Data segment:
=== Begin Enclosure ===

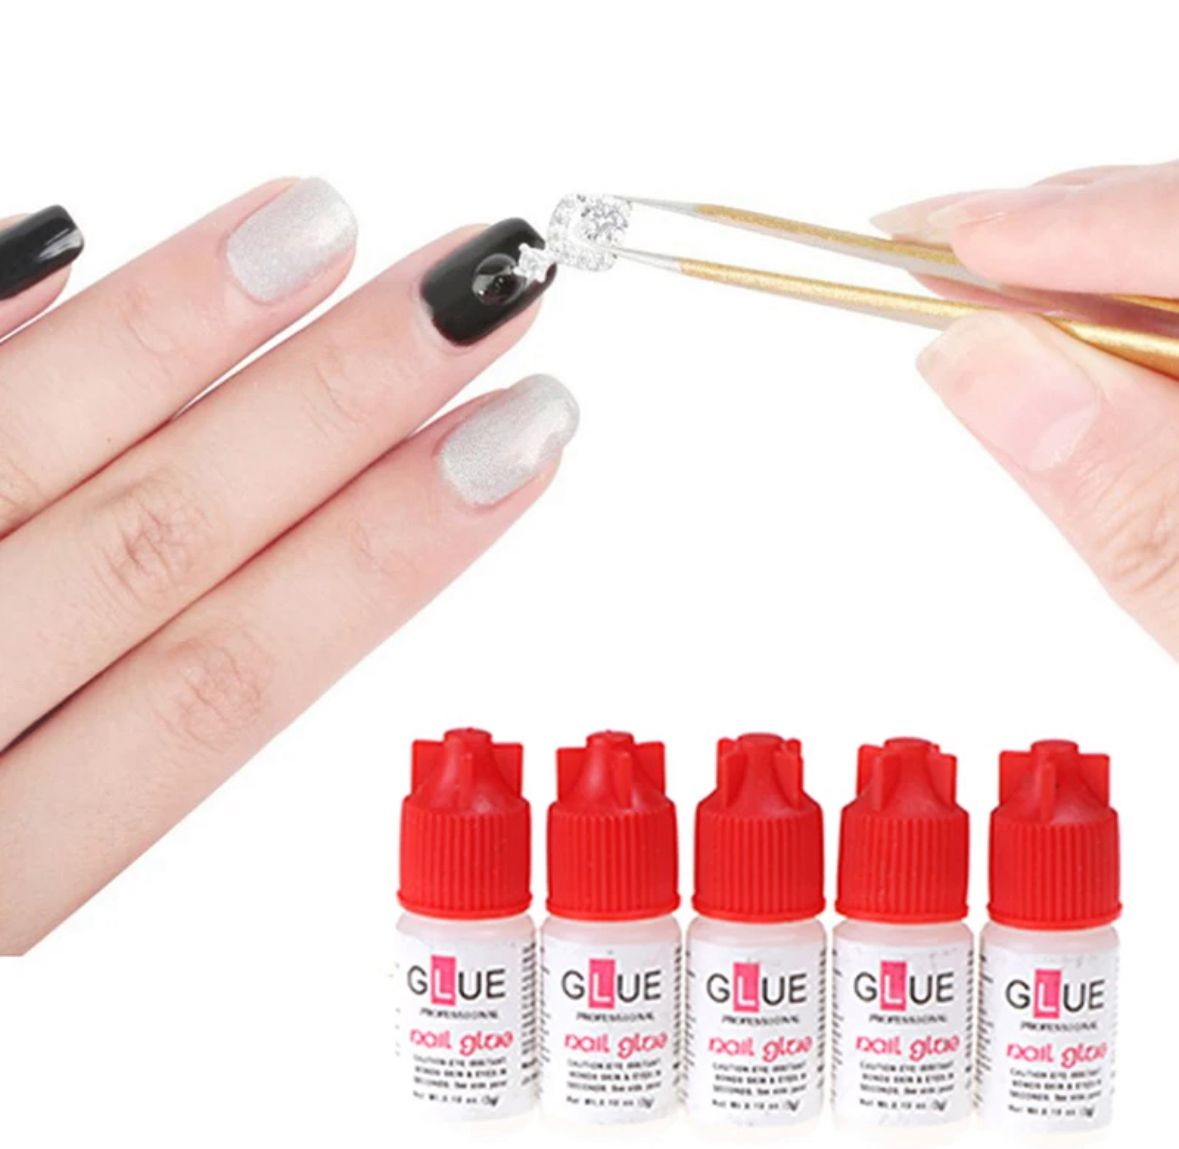 Pegamento para uñas nail glue x 5 unidades - marca glue
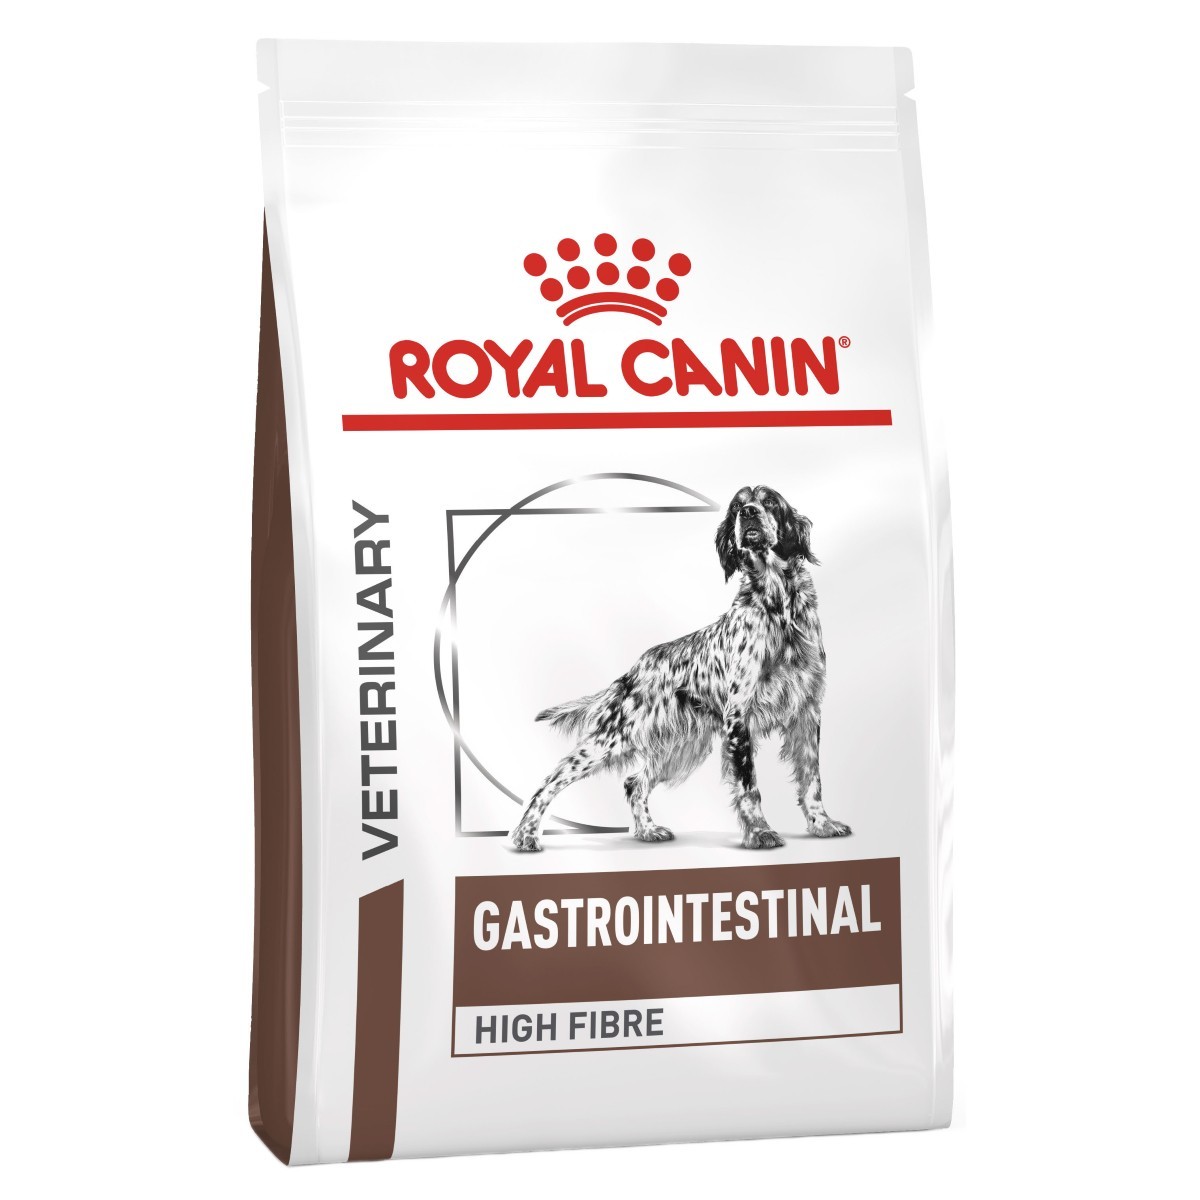 Royal Canin Gastrointestinal High Fibre 
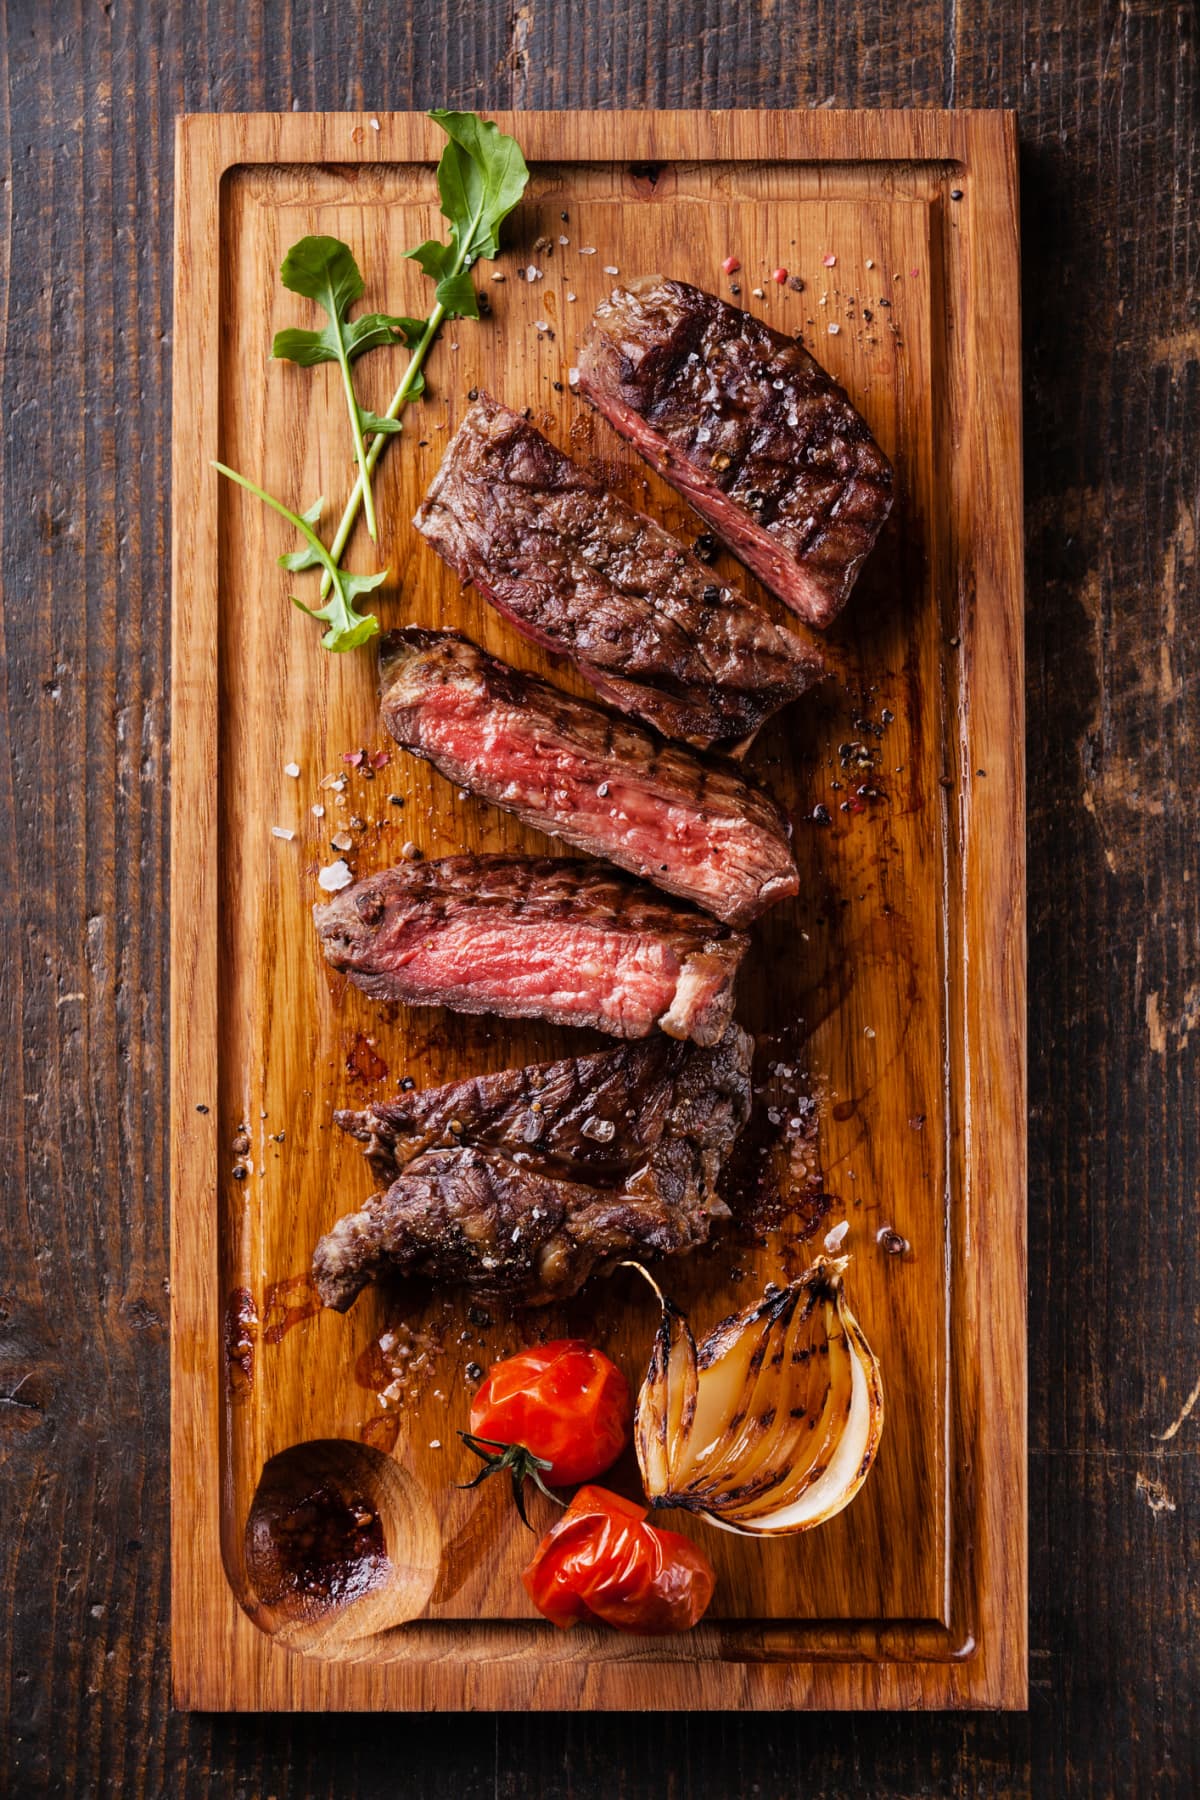 A piece of cut up steak on a cutting board

=== End Enclosure ===

Exercise objective:
Make an exact copy of the listing above, omitting the pictures.

Output for this task:
 Pegamento para uñas nail glue x 5 unidades - marca glue
 Royal Canin Gastrointestinal High Fibre 
 A piece of cut up steak on a cutting board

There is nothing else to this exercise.